According to a report to be published in October by the New York-based research firm Basex, interruptions such as spam, other unnecessary e-mail and instant-messages take up 28% of the average knowledge worker's day.
On top of that is what Basex chief analyst Jonathan Spira refers to as recovery time -- the time to get back to where you were before you were interrupted, which Spira says is 10 to 20 times the duration of the interruption. These interruptions account for up to 2.1 hours per worker per day.
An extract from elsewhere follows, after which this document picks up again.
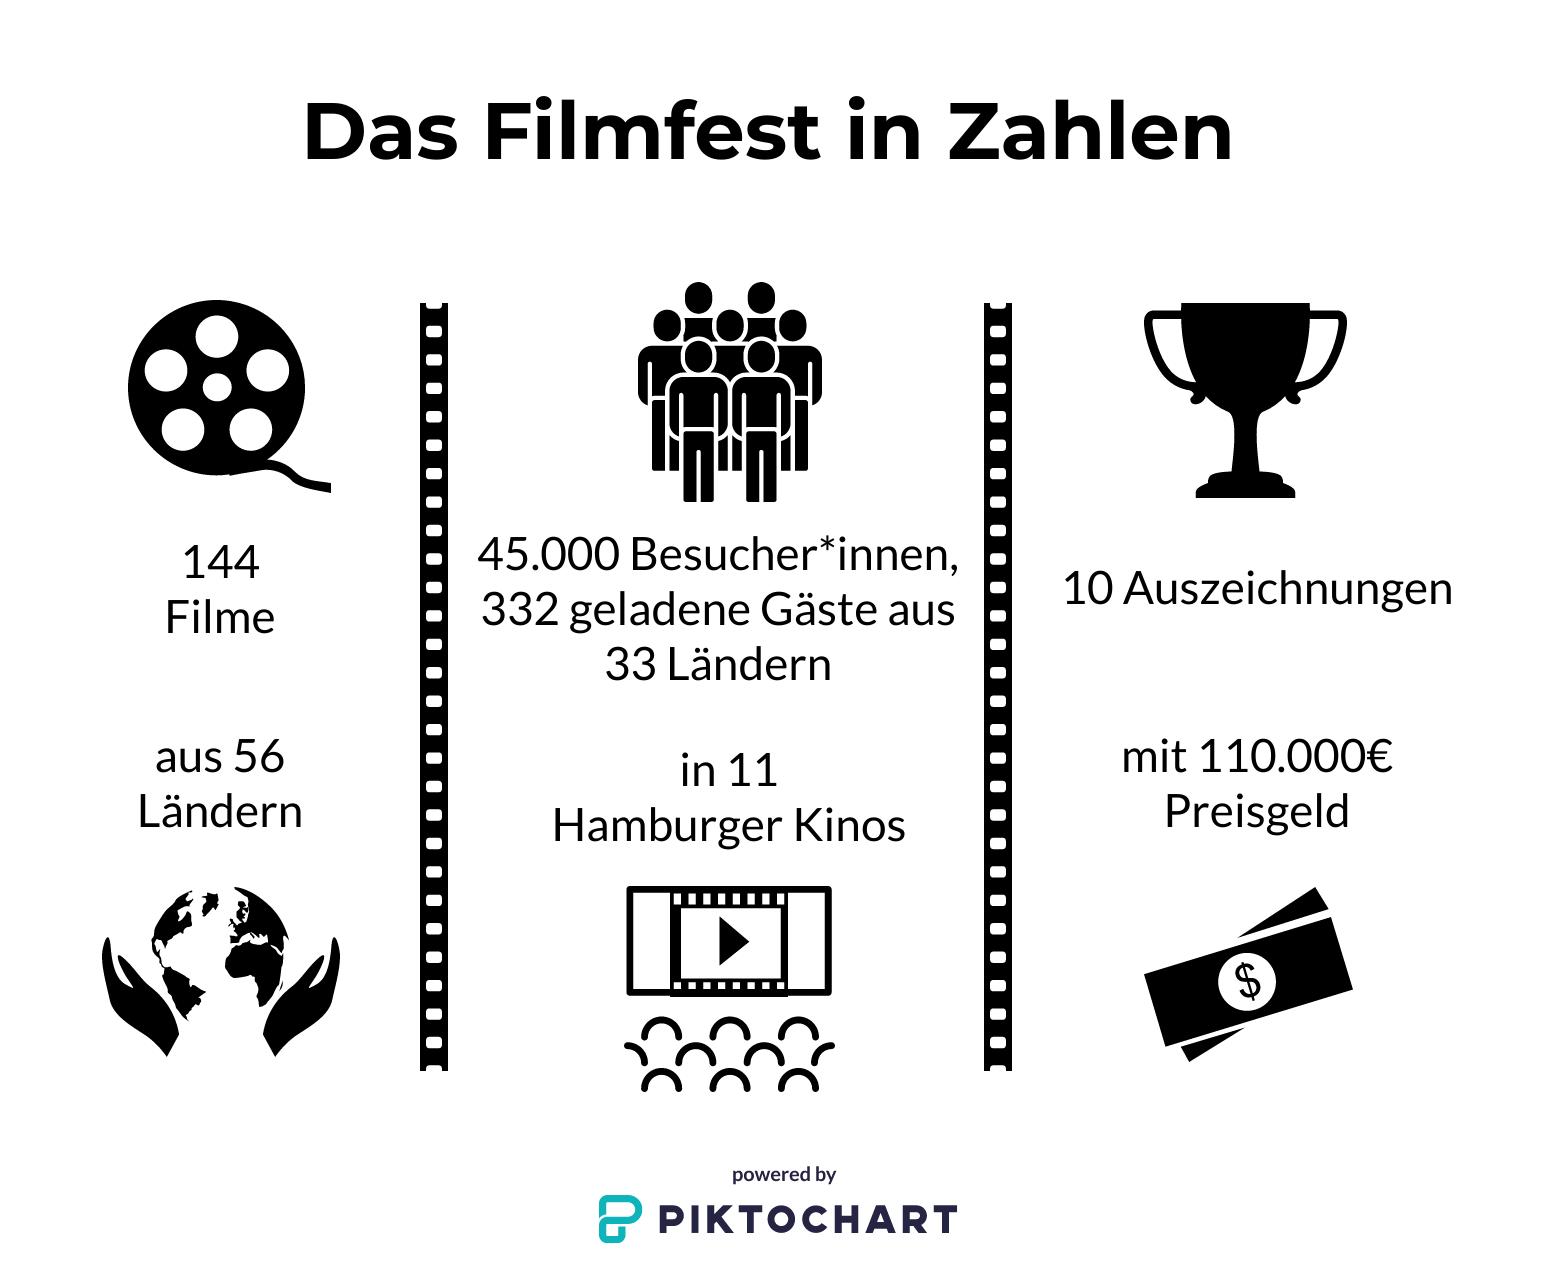 Eine grafische Darstellung der Anzahl der Filme, Besucher und Preisgelder vom Filmfest 2019

Multiply that by 56 million knowledge workers in the U.S., he calculates, and the cost is $650 billion per year.
For The Record
Los Angeles Times Saturday, August 02, 2008 Home Edition Main News Part A Page 2 National Desk 2 inches; 92 words Type of Material: Correction
E-mail: An article in Thursday's Section A about a backlash to e-mail said that the research firm Basex calculates that unnecessary e-mail and instant messages take up 28% of the average knowledge worker's day, and that this did not include "recovery time." The worker's recovery time -- the time it takes to resume work at the point it was interrupted -- is actually included in the 28%. In addition, the article stated that Basex's calculations will be reported in a study to be published in October. The study was published in 2005.
Susan Jamison, 48, a commercial litigation partner at Coblentz, Patch, Duffy & Bass, a San Francisco law firm, is stressed to the breaking point. She sometimes receives hundreds of e-mails a day, she says, and most days she gets about 40 case-related notes, often with lengthy attachments.
"If it's a multi-party case, it may generate maybe 20 e-mails from other people," she says. "So as you're trying to focus on it, you're getting this ping-ping-ping as people are chattering about the e-mail."
Even her phone calls show up on-screen as e-mails when she's already on a call. How can she focus enough to write a brief?
E-mail backlash started in earnest last year with "no e-mail" Fridays at companies such as Intel, U.S. Cellular and Deloitte & Touche. But popular opinion has it that this turned out to be not much more than a Band-Aid.
More recently, the movement accelerated as a new organization, Information Overload Research Group, held a conference in New York. According to Vice President Deva Hazarika (who is also chief executive of ClearContext Corp., a software development corporation), the nonprofit group formed when a number of researchers, academics and software developers came together to discuss the challenges they were seeing in corporations.
"We all felt that information overload was something that was such a big problem that some companies were beginning to be aware of it but a lot of people didn't realize the magnitude of the problem," Hazarika says. "And we could increase awareness."
Ironically, a number of the group's members work for the companies that created software that caused the problem in the first place -- including four at Microsoft Research, creator of Outlook. E-mail, Hazarika says, was the conference's main focus because it is "very much the primary cause" of information overload.